__Recorded information__.

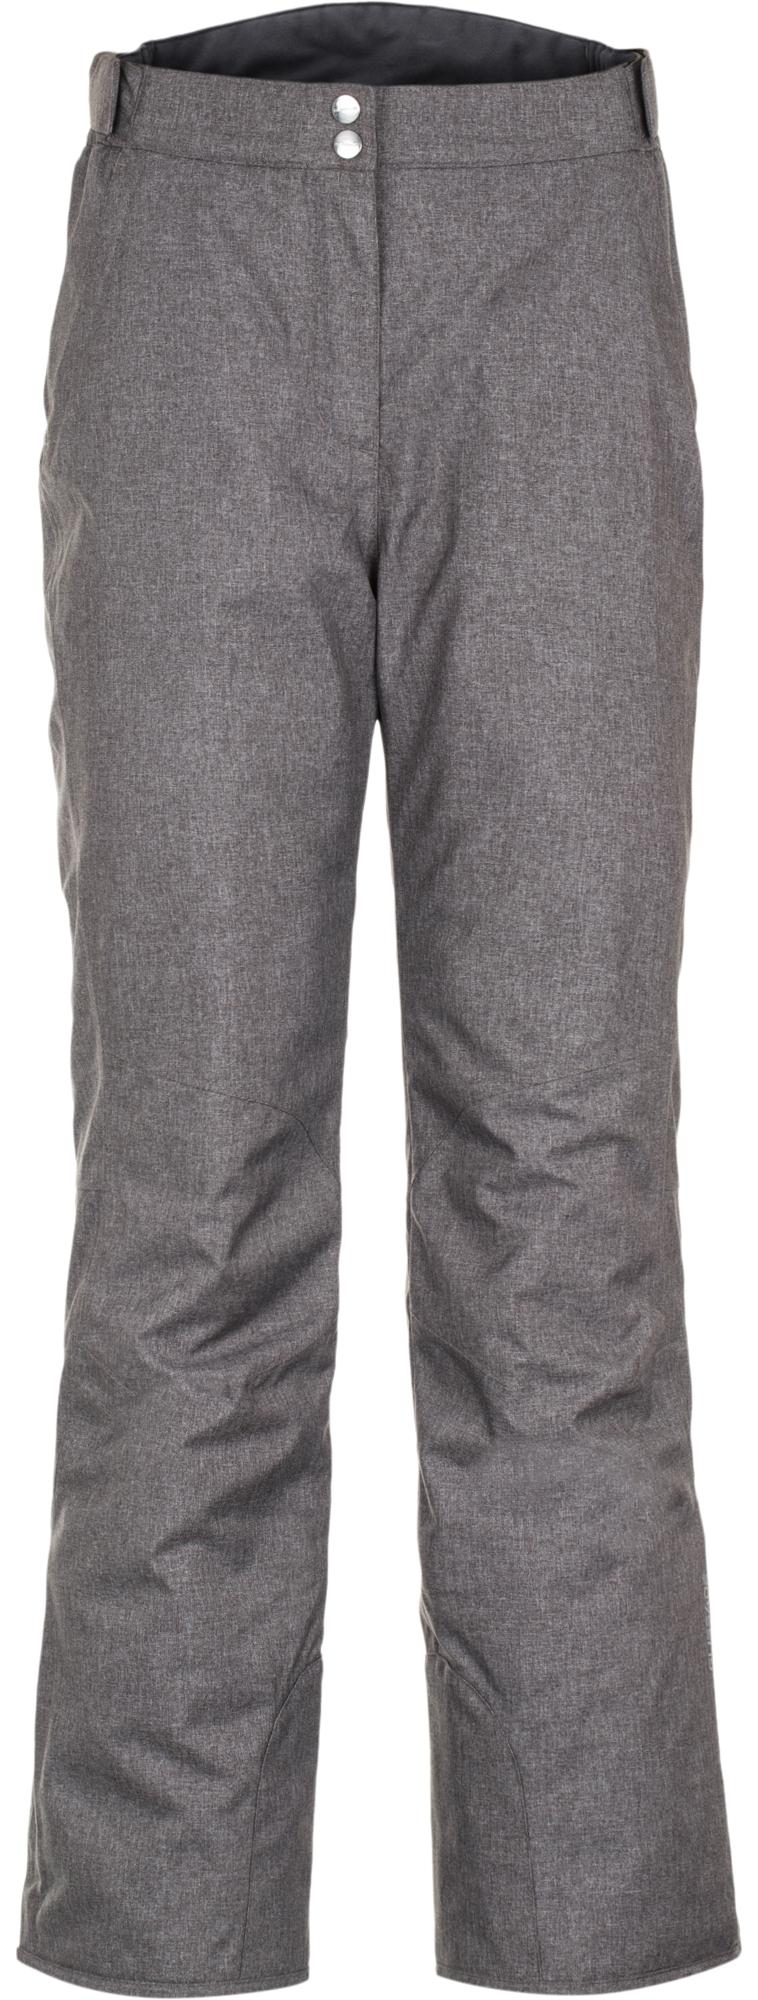 Glissade Брюки утепленные женские Glissade, размер 56 брюки утепленные
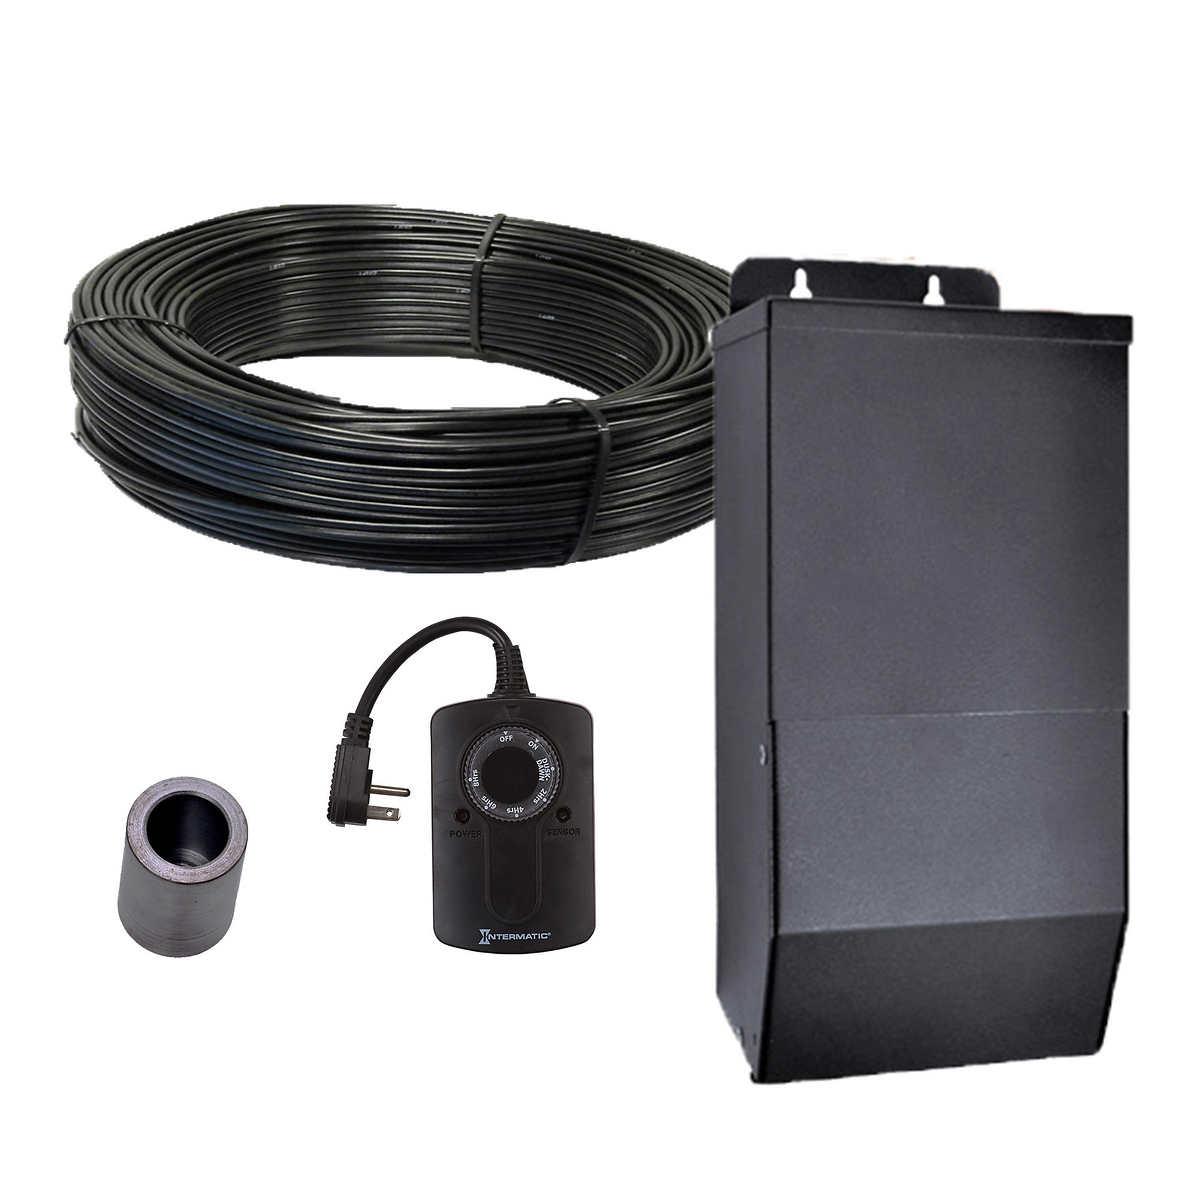 Solar patio lights costco - Professional Series 100 Watt Landscape Lighting Power And Accessory Kit
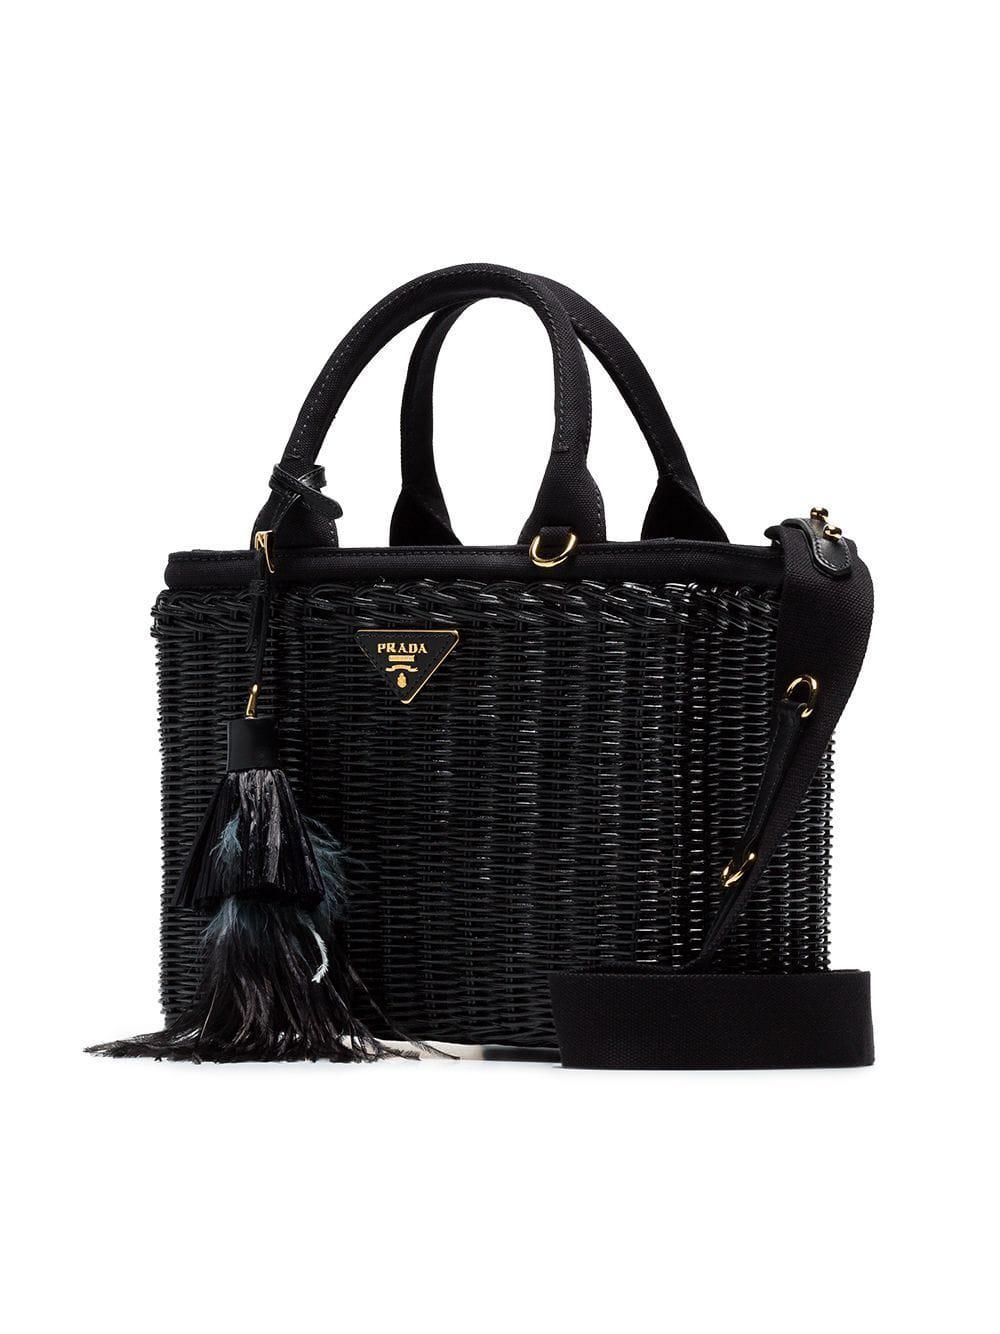 Prada Black Canvas And Wicker Woven Bag in Black - Lyst 7cfa88cd11a13
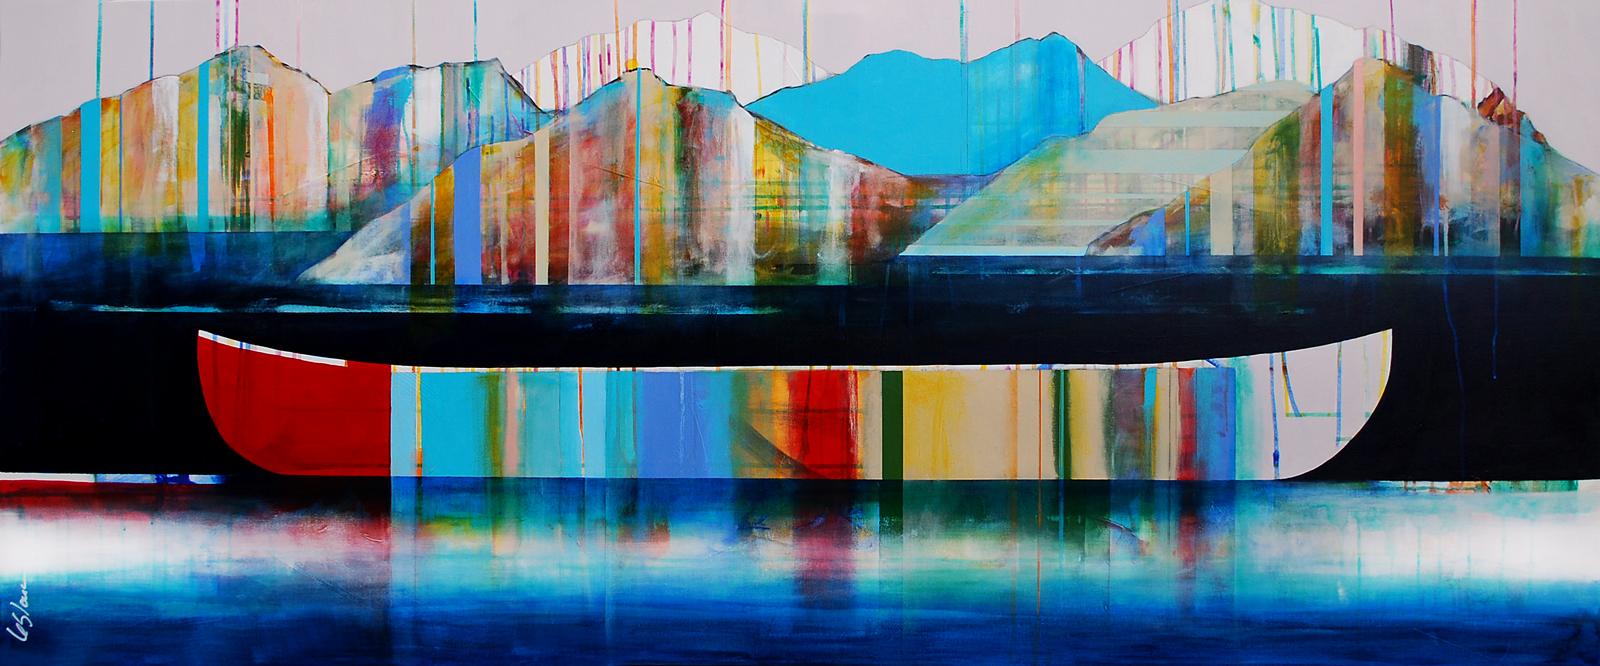 Paysage grandiose, mixed media canoe painting by Sylvain Leblanc | Effusion Art Gallery + Cast Glass Studio, Invermere BC

__Your objective__. Copy the data word for word, no pictures.

__Written reply__.
 Glissade Брюки утепленные женские Glissade, размер 56 брюки утепленные
 Solar patio lights costco - Professional Series 100 Watt Landscape Lighting Power And Accessory Kit
 Prada Black Canvas And Wicker Woven Bag in Black - Lyst 7cfa88cd11a13
 Paysage grandiose, mixed media canoe painting by Sylvain Leblanc | Effusion Art Gallery + Cast Glass Studio, Invermere BC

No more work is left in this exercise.